Lo zaino Grivel Mountain Runner EVO 20 ha una struttura a gilet regolabile con lo schienale e gli spallacci costituiti da un tessuto mesh solido, non elastico, molto resistente

Per capacità di carico e funzionalità di esercizio è molto adatto ad affrontare gare ultra trail che possono impegnare per diversi giorni. Come anche un uscita di una sola giornata.

E’ leggero – solo 438gr – ed è anche dotato di stringhe di compressione che permettono di portare questo zaino anche con un carico leggero, poco voluminoso.

Ci sono tre punti dove si possono regolare le stringhe, uno posteriore e due sugli spallacci, la cui posizione è veramente ben studiata, ne facilita l’uso senza lasciare lacci penzolanti che potrebbero dare fastidio.

Una delle caratteristiche fondamentali di questo zaino è la possibilità di adattarlo alla propria specifica corporatura grazie al fatto che gli spallacci sono dotati di attacchi regolabili, tramite velcro, sia sulla parte superiore che ai fianchetti.

Oltre alla proprie caratteristiche fisiche, questo può tornare utile anche in relazione al carico portato.

SPALLACCI

Gli spallacci di questo Grivel Mountain Runner Evo 20 sono tra i pochi ancora capaci di portare le tradizionali borracce rigide.
Ed eventualmente quelle termiche, cosa da non poco, se si pensa ad un utilizzo in gare in ambienti polari o desertici.

Le stringhe di regolazione pettorali possono essere spostate lungo il bordo degli spallacci su un “binario” in materiale plastico che conferisce anche una bella solidità allo spallaccio, che non si deforma quando lo zaino è a pieno carico, contribuendo così a migliorare confort e capacità di scarico del carico sul corpo, che viene ben distribuita.

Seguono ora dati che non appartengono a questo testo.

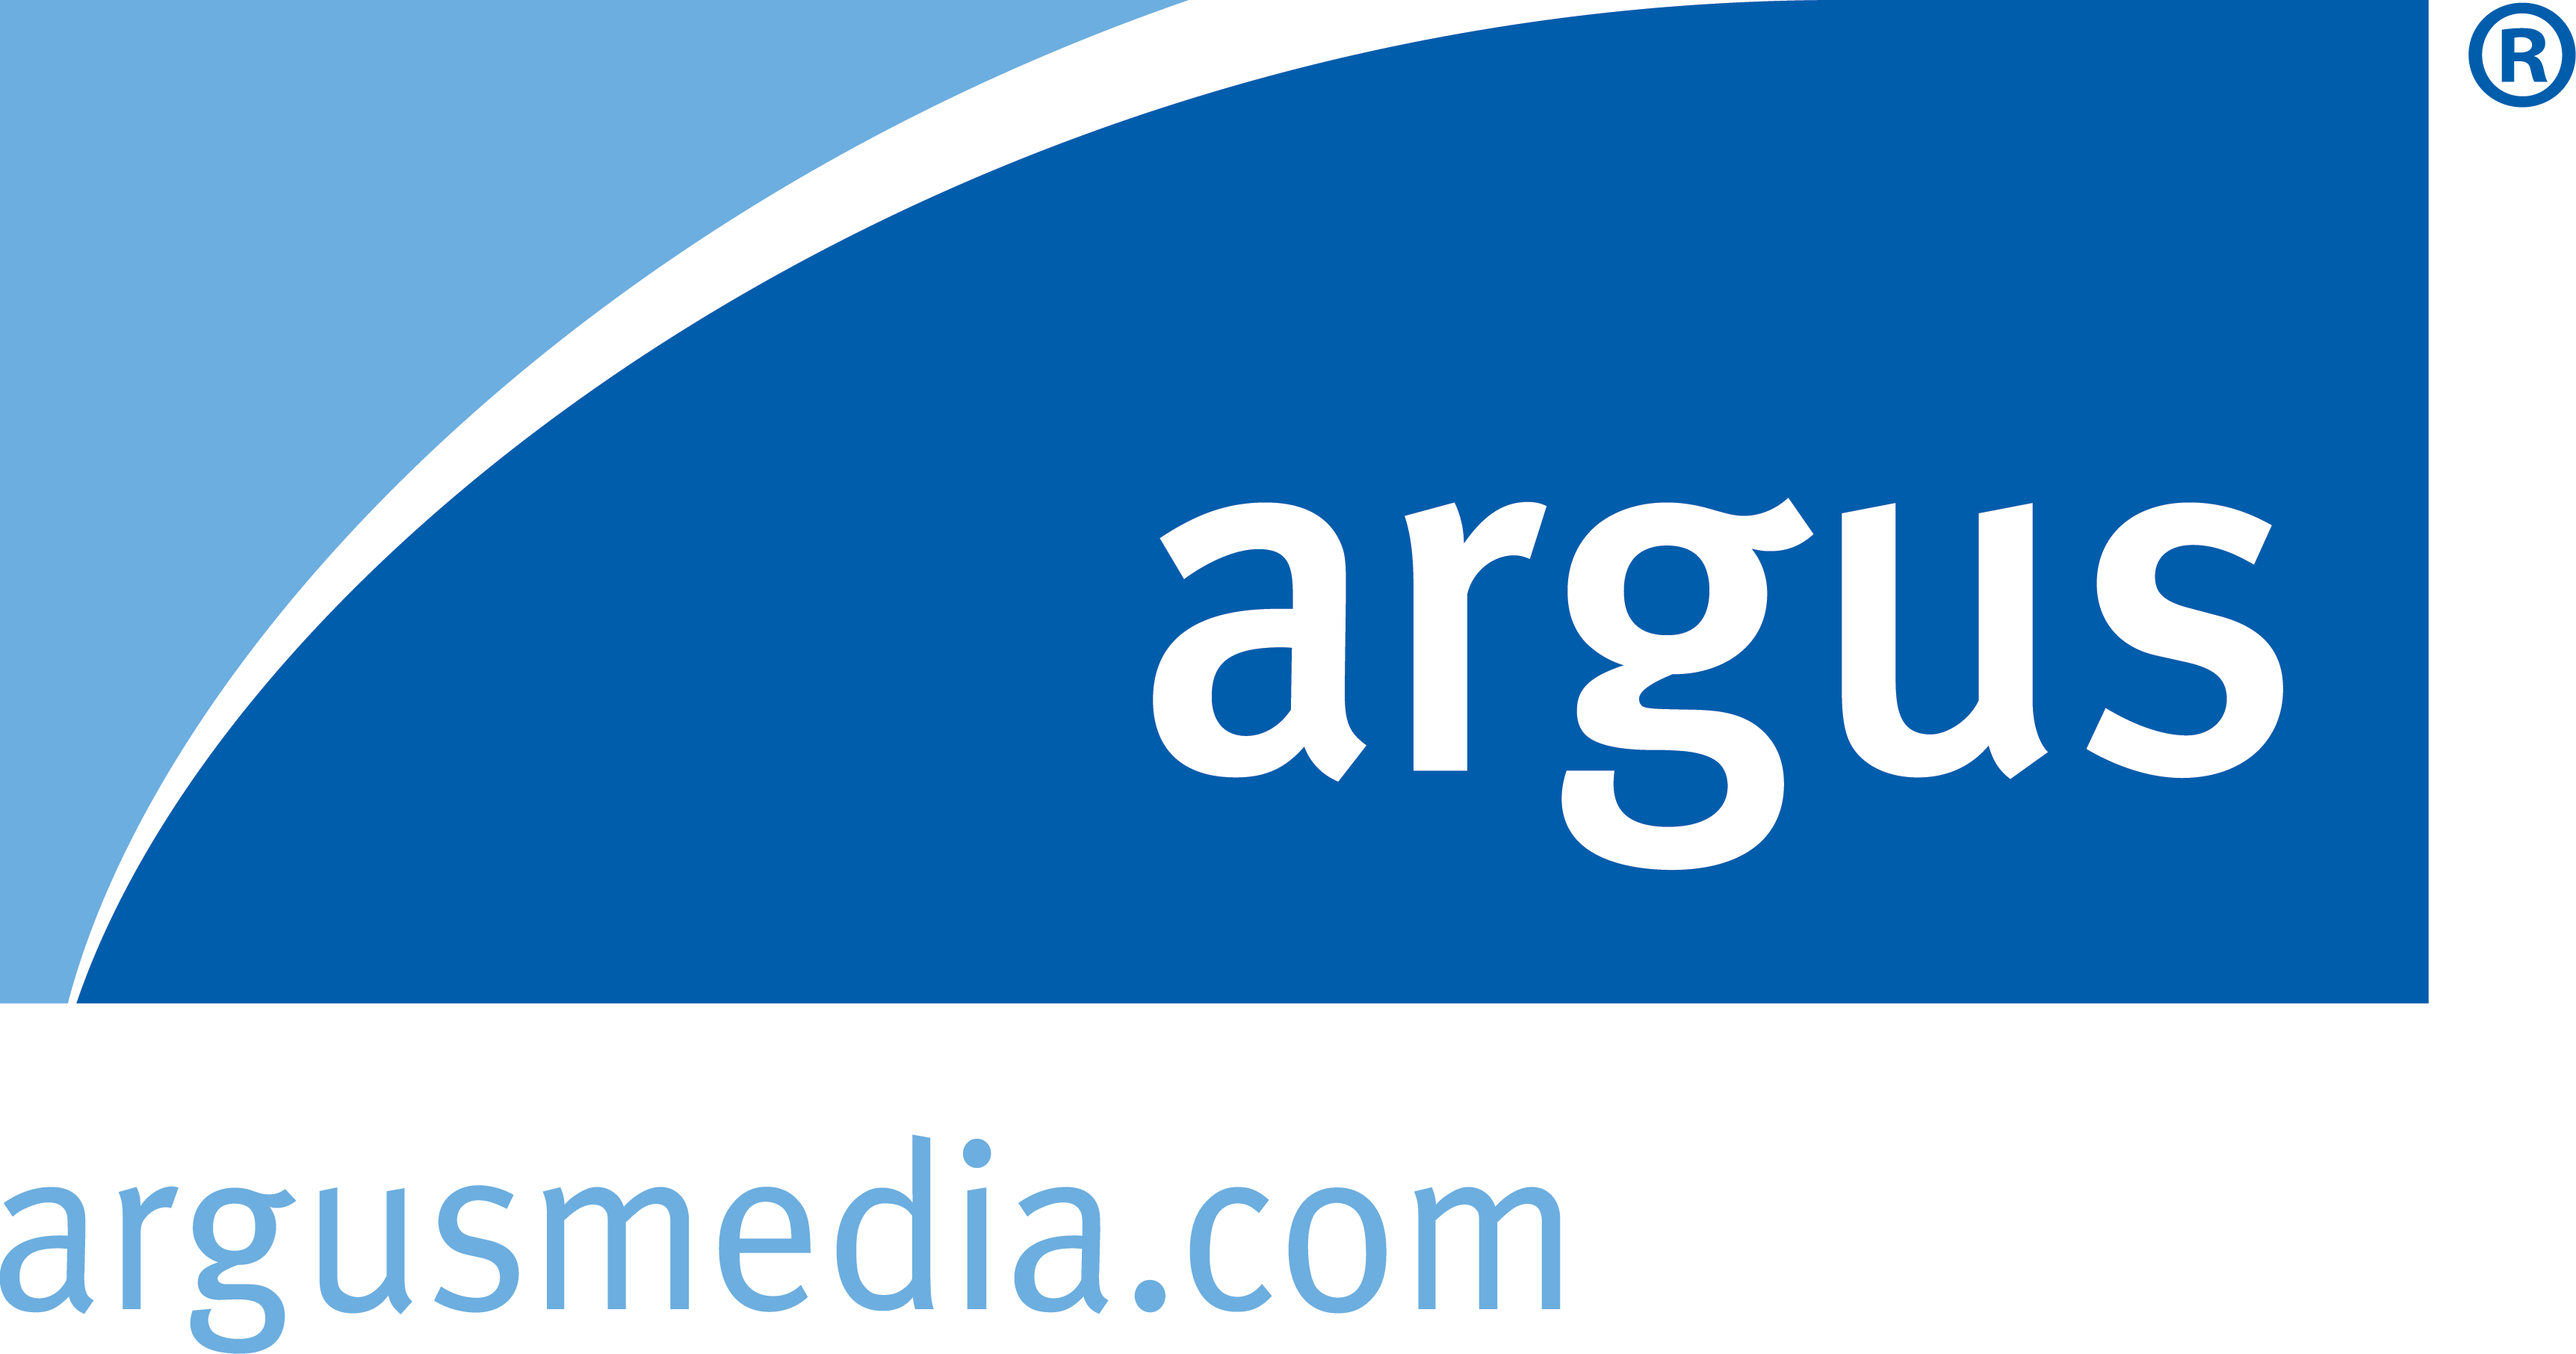 Argus logo Blue url left Digital
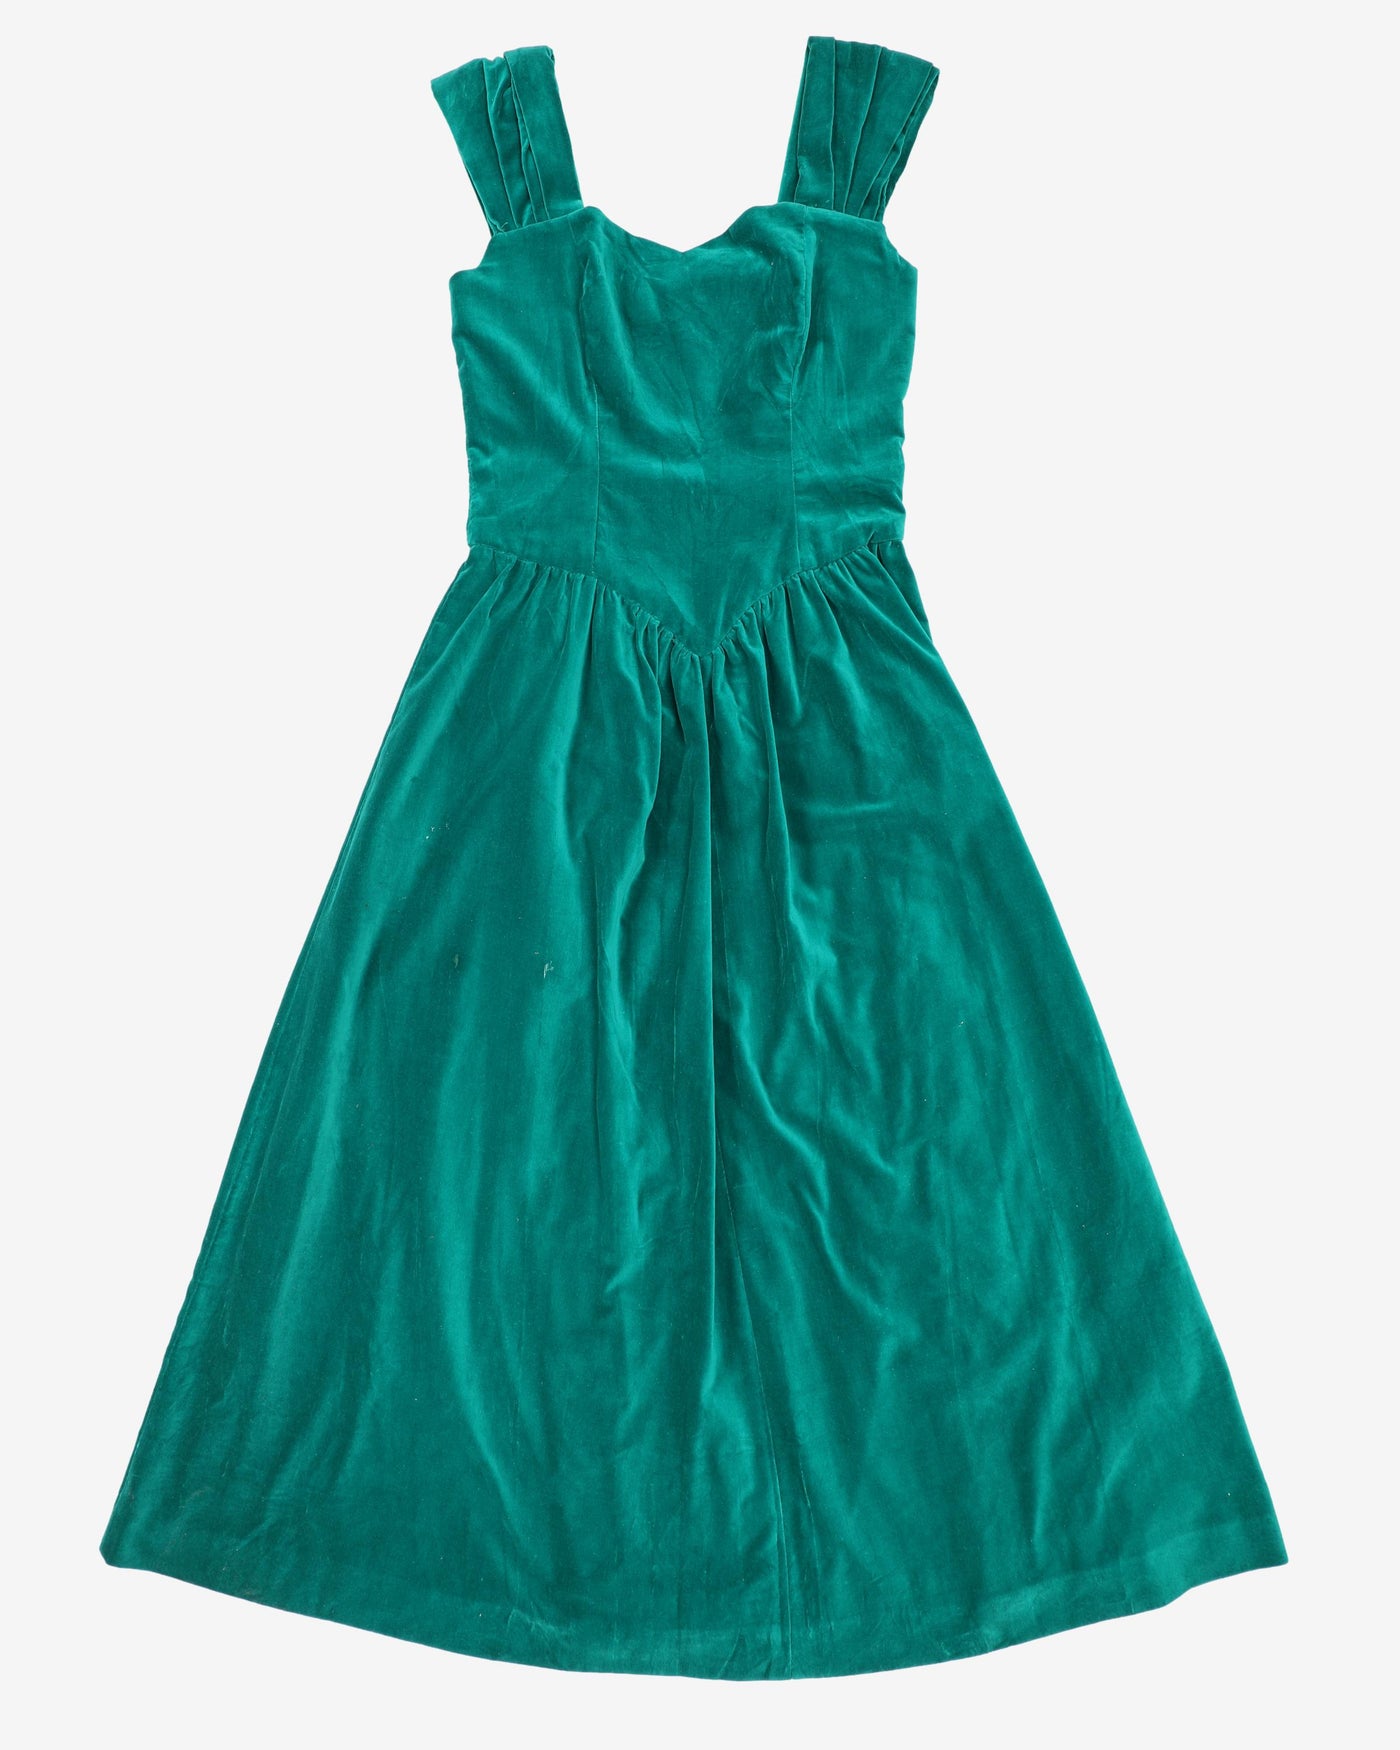 1980s Green Velvet Sleeveless Party Dress

Lo zaino è così molto stabile, in ogni situazione.

PORTA BORRACCE

Questi portaborracce sono dotati, sulla superficie esterna, di taschine in tessuto mesh leggermente comprimibile: buone per stiparci dentro barrette
Sopra i portaborracce sono stati ricavati altri due tasche fatte con tessuto espandibile: anche qui ci si può infilare gel o barrette, ma mi ci son trovato meglio a metterci le mie lampade frontali Black Diamond.

FIANCHETTI

Notevole la capacità di carico dei fianchetti, dotati di vere tasche sagomate con chiusura a zip che sono anche “rivestite” da delle palpebre in tessuto mesh, che si chiudono col velcro sulle tasche interne, che creano così ulteriore spazio dove infilare roba morbida tipo guanti, cappelli, bandane, roba che non fa contrasto col contenuto delle tasche interne, in modo da non creare zone di pressione fastidiose sui fianchi.

 

 

SACCA

Ora, se gli spallacci sono abbastanza tradizionali, ben diverso è il discorso della sacca posteriore.

Il vano idrico di solito sta contro lo schienale, e ti aspetti un apertura vicino allo schienale. E invece no. E questo sistema va a creare un vano che oltre o invece della riserva idrica può contenere altro, e permettere di caricarlo bene.

L’altra zip perimetrale crea un ulteriore contro vano, alla fine i due si dividono la sacca e permettono di dividere il contenuto per funzionalità o altri parametri preferiti dall’utente.

E poi c’è una altra zip superiore, che apre ad un vano molto ampio e profondo, io ci ho infilato la giacca antipioggia, per esempio.

E poi c’è la tasca marsupio esterna in tessuto mash elastico.

Insomma, in questo Grivel Mountain Runner Evo 20 c’è modo di organizzare il proprio carico tenendo le diverse categorie ben separate, cosa che mentalmente aiuta parecchio nella gestione a lungo termine.